Tear gas fired as clashes erupt over Egypt referendum

Tear gas fired as clashes erupt over Egypt referendum

ALEXANDRIA, Egypt - Agence France-Presse
Tear gas fired as clashes erupt over Egypt referendum

AFP Photo

Riot police fired tear gas to separate clashing protesters in Egypt's second city of Alexandria today, AFP correspondents reported, as tensions rose over a new constitution.
 
Lines of black-clad officers kept apart thousands of Islamists on one side and hundreds of anti-constitution protesters on the other.

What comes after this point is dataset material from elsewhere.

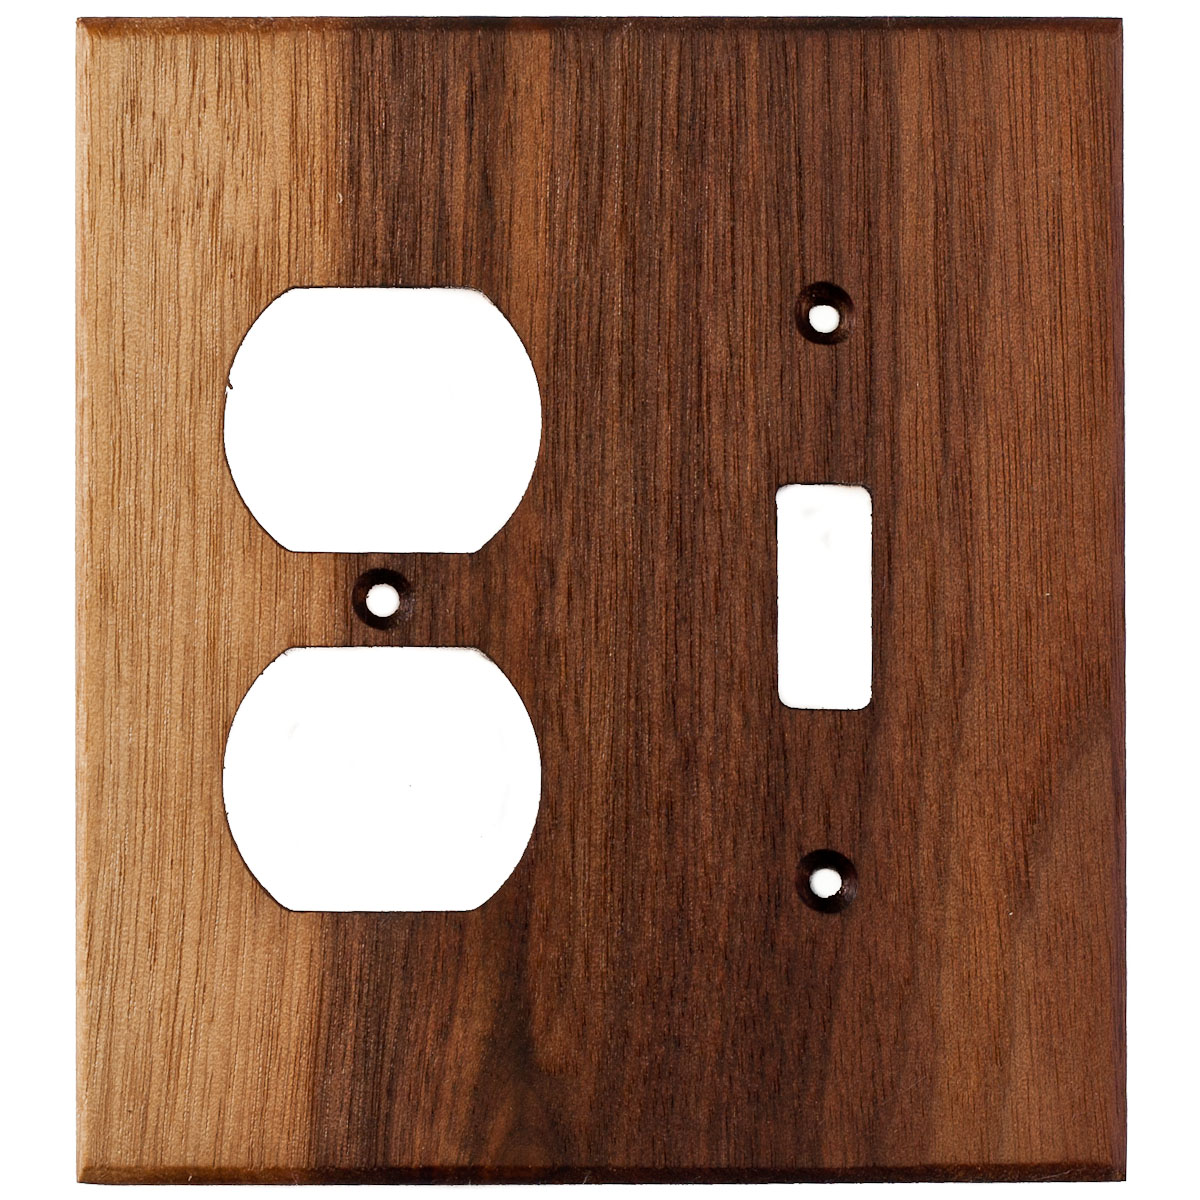 Black Walnut Wood Wall Plate - 2 Gang Combo - Light Switch, Duplex Outlet  Cover

Dozens of rival protesters pelted each other with rocks in running battles.
 
The violence broke out on the eve of the final round of a referendum on the draft charter, which is backed by President Mohamed Morsi and his Islamist supporters.
 
Alexandria, which voted in the first round of the referendum last weekend, has seen several clashes between pro- and anti-Morsi protesters.
 
On December 14, opposition protesters besieged a mosque in the Mediterranean city, prompting running battles between rock-throwing groups of men, some of whom brandished swords.
 
Islamists organised Friday's rally to protest last week's siege of the mosque, sparked by a cleric's call for people to vote yes in the constitution.
 
Duelling demonstrations have been taking place around Egypt for a month. On December 5, vicious clashes broke out in front of Morsi's presidential palace in Cairo, killing eight people and wounding more than 600.
 
The army has deployed 120,000 soldiers to bolster 130,000 police tasked with maintaining security during the volatile voting.
 
The opposition sees the proposed constitution as weakening human rights and opening the way to creeping sharia-style strict Islamic laws under Morsi.